Le président états-unien, Donald Trump, et le présidnet russe, Vladimir Poutine, lors d’une conférence de presse sur la guerre en Russie à Joint Base Elmendorf-Richardson à Anchorage en Alaska, le 15 août 2025. Crédit : Drew Angerer / AFP

 

« La légitimité de l’actuel chef de l’État [ukrainien] a pris fin », avait déclaré Vladimir Poutine, le président russe, quelques jours plus tard. Des propos récemment repris par son ministre des Affaires étrangères, Sergueï Lavrov, lors d’une interview avec la chaîne états-unienne NBC. Le 22 août 2025, le diplomate a qualifié Volodymyr Zelensky de « chef de facto » et l’a accusé de « faire semblant d’être un leader », alors qu’une rencontre bilatérale entre les présidents ukrainien et russe est en cours de préparation.

Comme il l’a lui-même expliqué, Vladimir Poutine estime – à tort – que la loi martiale ne permet pas de prolonger les pouvoirs du président ukrainien.

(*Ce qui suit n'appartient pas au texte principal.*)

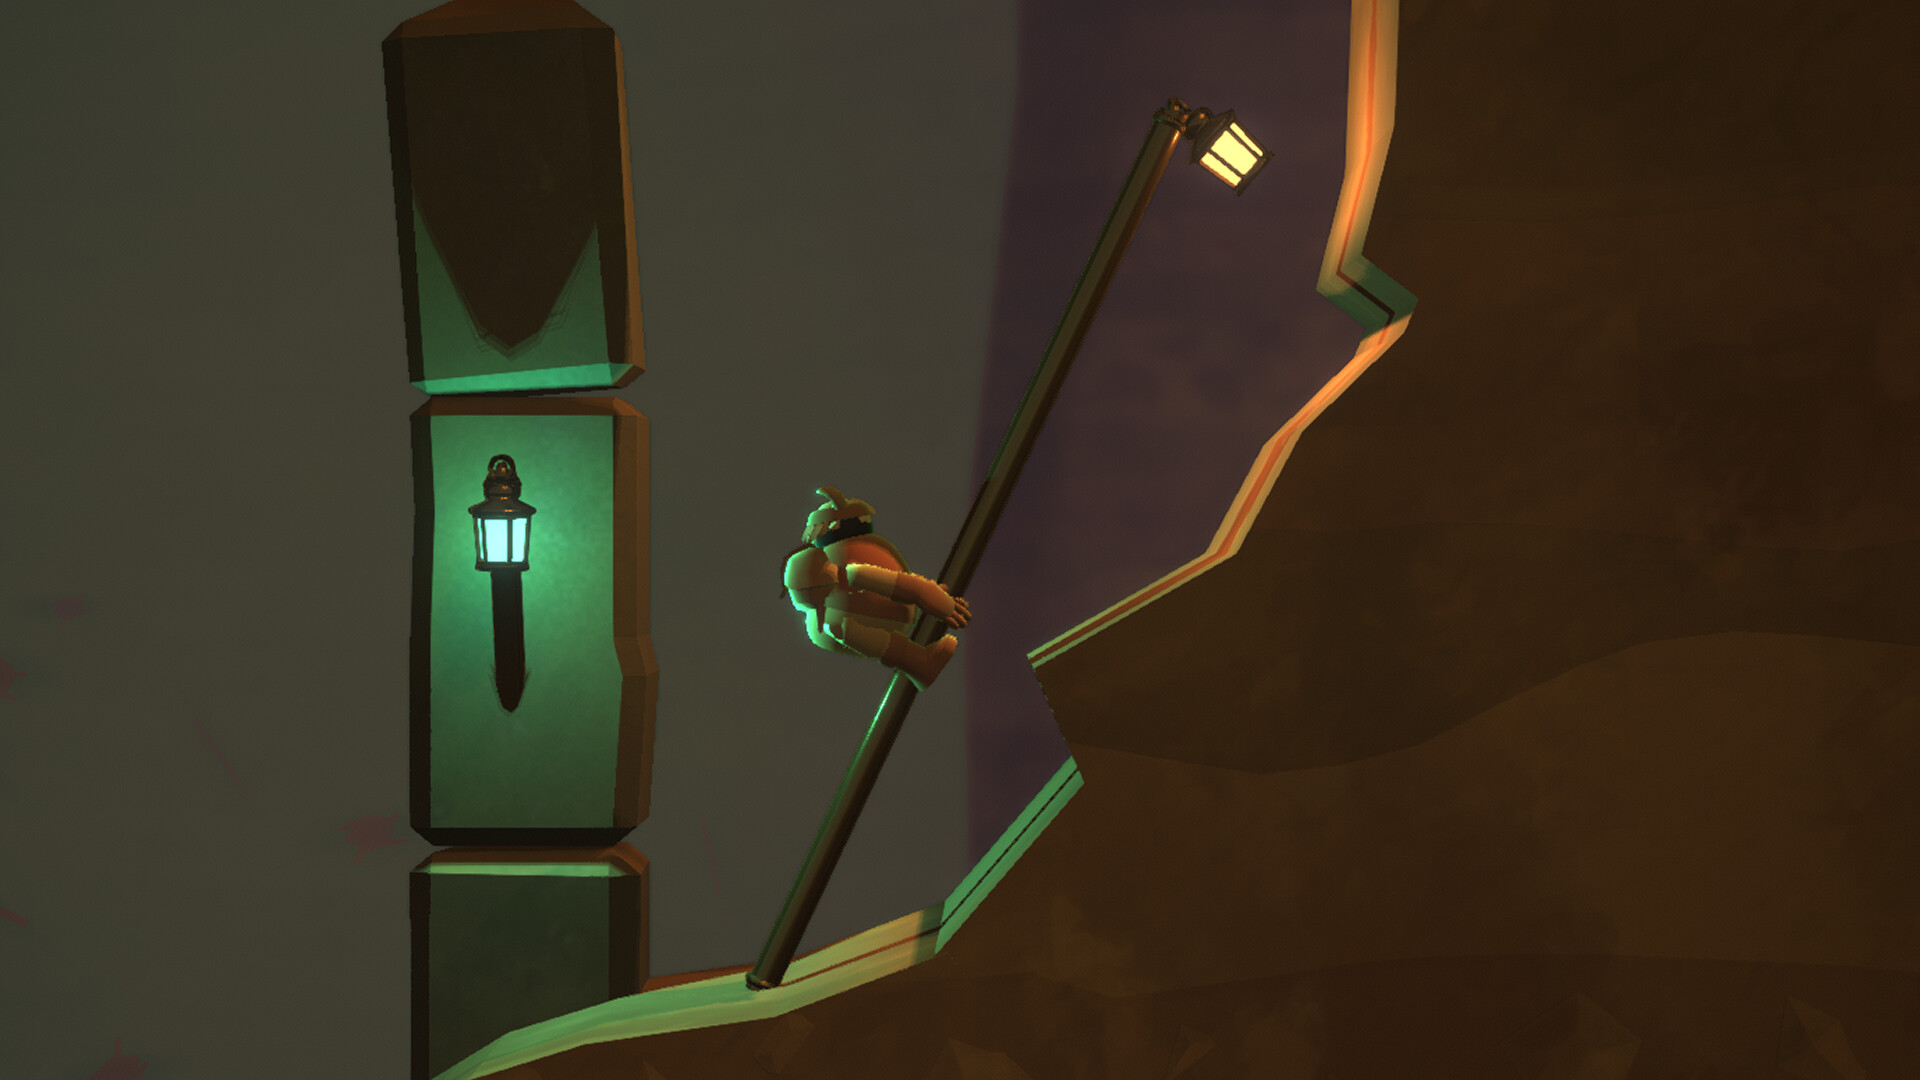 A difficult game about Climbing. Купить a difficult game about climbing

Or, en vue de la conclusion d’un accord de paix, l’ancien agent du KGB exige la « signature […] des autorités légitimes ». « Sinon, le prochain [président] viendra, et dira : ‘on le met à la poubelle' », craint le maître du Kremlin.

C’est aussi le raisonnement de Jean-Luc Mélenchon : « Si vous faites signer un accord par quelqu’un, qui est ensuite remplacé par quelqu’un d’autre qui dit ‘moi, je n’étais pas au courant et [mon prédécesseur] ne représentait personne’, […] tout est ramené à zéro. Nous avons donc besoin d’un président légitime […] pour signer l’accord de paix », a déclaré l’ancien sénateur socialiste à la tribune des Amfis.

Plusieurs observateurs pensent que le refus de reconnaître la légitimité de Volodymyr Zelensky fait partie des stratégies déployées par Moscou pour saboter ou ralentir les négociations de paix. Mais le Kremlin accuse lui aussi les Occidentaux, et surtout les Européens, de tenter « d’empêcher » la tenue de ces discussions. Les demandes « insistantes » – qui ne sont pas spécifiées – de Volodymyr Zelensky remettraient en cause le « processus » mis en place par Donald Trump et Vladimir Poutine après leur rencontre en Alaska, le 15 août 2025, selon Sergueï Lavrov.

Les présidents ukrainien, français, états-unien, finlandais et la première ministre italienne à la Maison Blanche le 18 août 2025. Les leaders européens ayant rejoint Volodymyr Zelensky pour sa rencontre avec Donald Trump. Crédit : Andrew Caballero-Reynolds / AFP

 

Une réunion entre Ukrainiens et Américains doit avoir lieu à la fin de la semaine, a annoncé Volodymyr Zelensky lors d’une conférence de presse, le 24 août. Les échanges devraient principalement porter sur les garanties de sécurité pour l’Ukraine, alors que Kyiv cherche depuis plusieurs années à rejoindre l’Otan. 

Une ligne rouge pour la Russie, qui devrait demander à l’Ukraine d’y renoncer, ainsi qu’à la région du Donbass et à la présence de troupes occidentales sur son territoire, selon Reuters.

Contactée pour obtenir un commentaire, La France insoumise n’avait pas répondu à nos sollicitations au moment de la publication.